The 8x8 multiply routine given in application note AN526 by Microchip is
optimized for speed. Still it takes a stagerring 44 instructions in the
worst case. Is this the best routine  for multiplication? Is there any
other routine available, requiring less number of instructions?

Amey
-------------------------------------------------------------------------------
                       AMEY A. DEOSTHALI
-------------------------------------------------------------------------------
Lab Address:                              Home Address:
ESPL, ENS526E                             3110 Red River, Apt # 208
Dept. of ECE                              Austin, TX 78705
University of Texas at Austin,            Tel:(512)-499-8957
Austin, TX 78712 - 1084.
Tel:(512)-232-2769
               Email:spam_OUTameyTakeThisOuTspamvision.ece.utexas.edu
               Web  :http://anchovy.ece.utexas.edu/~amey
-------------------------------------------------------------------------------

1998\01\31@222130 by Andrew Warren

face
flavicon
face
Amey Deosthali <.....ameyKILLspamspam@spam@vision.ece.utexas.edu> wrote:

> The 8x8 multiply routine given in application note AN526 by
> Microchip is optimized for speed. Still it takes a stagerring 44
> instructions in the worst case. Is this the best routine  for
> multiplication?

   That depends on your definition of "best", Amey.

> Is there any other routine available, requiring less number of
> instructions?

   Of course.  Try something like this:

       ; Enter with multiplier in W-Reg, multiplicand in "PRODLO".
       ; Exits with product in PRODHI:PRODLO.

       MPY8X8:

           CLRF    PRODHI

           CLRF    COUNT
           BSF     COUNT,3

           RRF     PRODLO

       LOOP:

           SKPNC
           ADDWF   PRODHI

           RRF     PRODHI
           RRF     PRODLO

           DECFSZ  COUNT
           GOTO    LOOP

   -Andy

   P.S.  As usual with code that I write online, this routine hasn't
         even been assembled, let alone tested.  Still, it's pretty
         simple; I'd be surprised if it didn't work.

=== Andrew Warren - fastfwdspamKILLspamix.netcom.com
=== Fast Forward Engineering - Vista, California
=== http://www.geocities.com/SiliconValley/2499

1998\01\31@231201 by John Payson

picon face
> > The 8x8 multiply routine given in application note AN526 by
> > Microchip is optimized for speed. Still it takes a stagerring 44
> > instructions in the worst case. Is this the best routine  for
> > multiplication?
>
>     That depends on your definition of "best", Amey.
>
> > Is there any other routine available, requiring less number of
> > instructions?
>
>     Of course.  Try something like this:
>
>         ; Enter with multiplier in W-Reg, multiplicand in "PRODLO".
>         ; Exits with product in PRODHI:PRODLO.

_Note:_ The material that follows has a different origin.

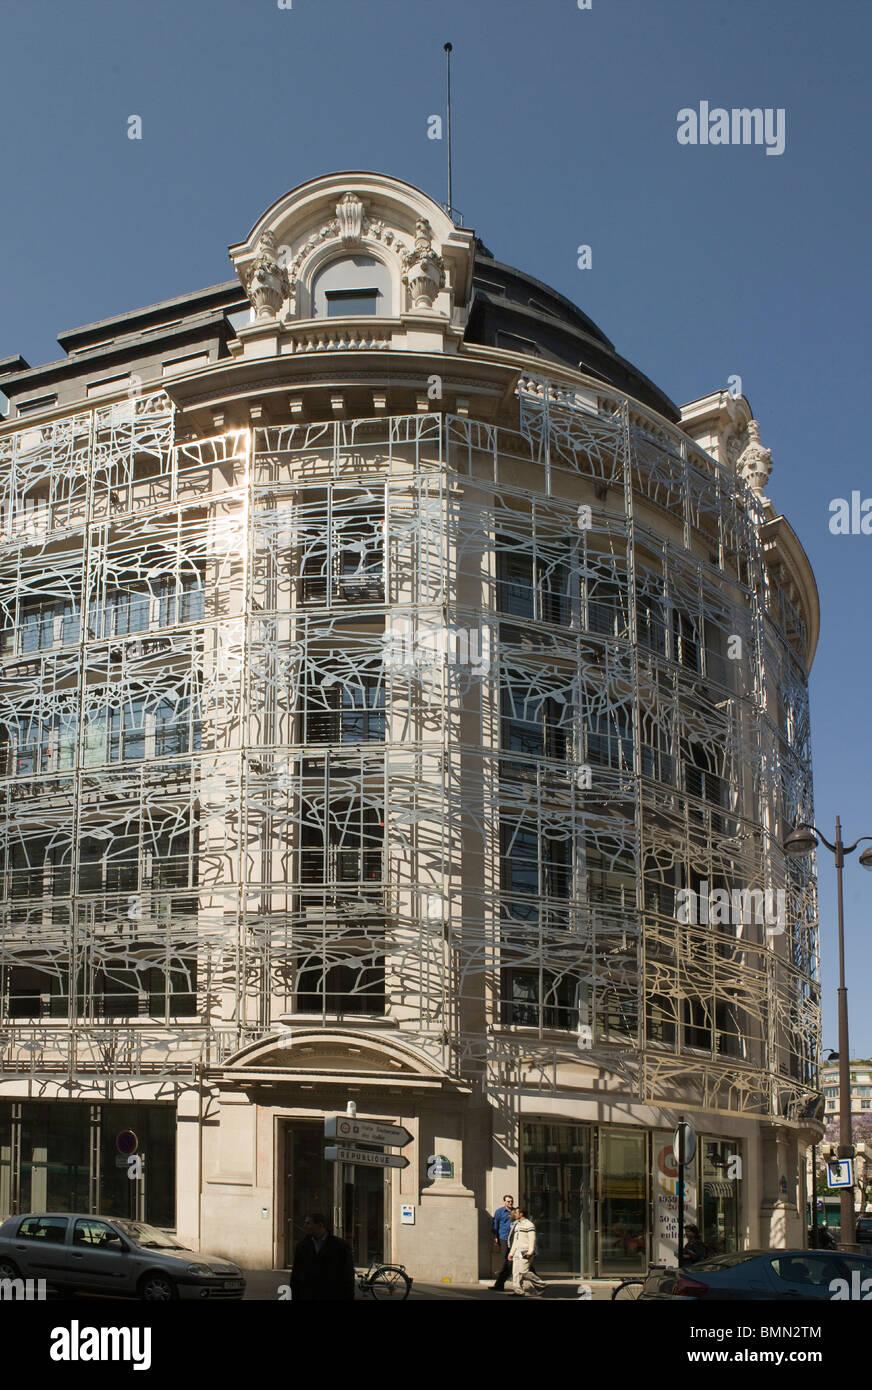 Ministerium für Kultur, Paris, Frankreich. Früher aus Stein Gebäude eingehüllt in ein filigranes Stockbild

No offense, but I counted 7 cycles per iteration in a loop that gets
executed 8 times (actually, only 6 cycles for the last iteration).
Consequently, as written, the code was slower than 44 cycles.

On the other hand, if you unroll that loop the code will run a lot more
quickly.  One thing I personally like to do in my multiply routines, btw,
is to write them so that the value sitting in the MSB isn't cleared before
the operation, but is instead added to the LSB of the result.  This makes
computation of longer products convenient.

1998\01\31@233526 by Andrew Warren

face
flavicon
face
John Payson <.....PICLISTKILLspamspam.....MITVMA.MIT.EDU> wrote:

> No offense, but I counted 7 cycles per iteration in a loop that gets
> executed 8 times (actually, only 6 cycles for the last iteration).
> Consequently, as written, the code was slower than 44 cycles.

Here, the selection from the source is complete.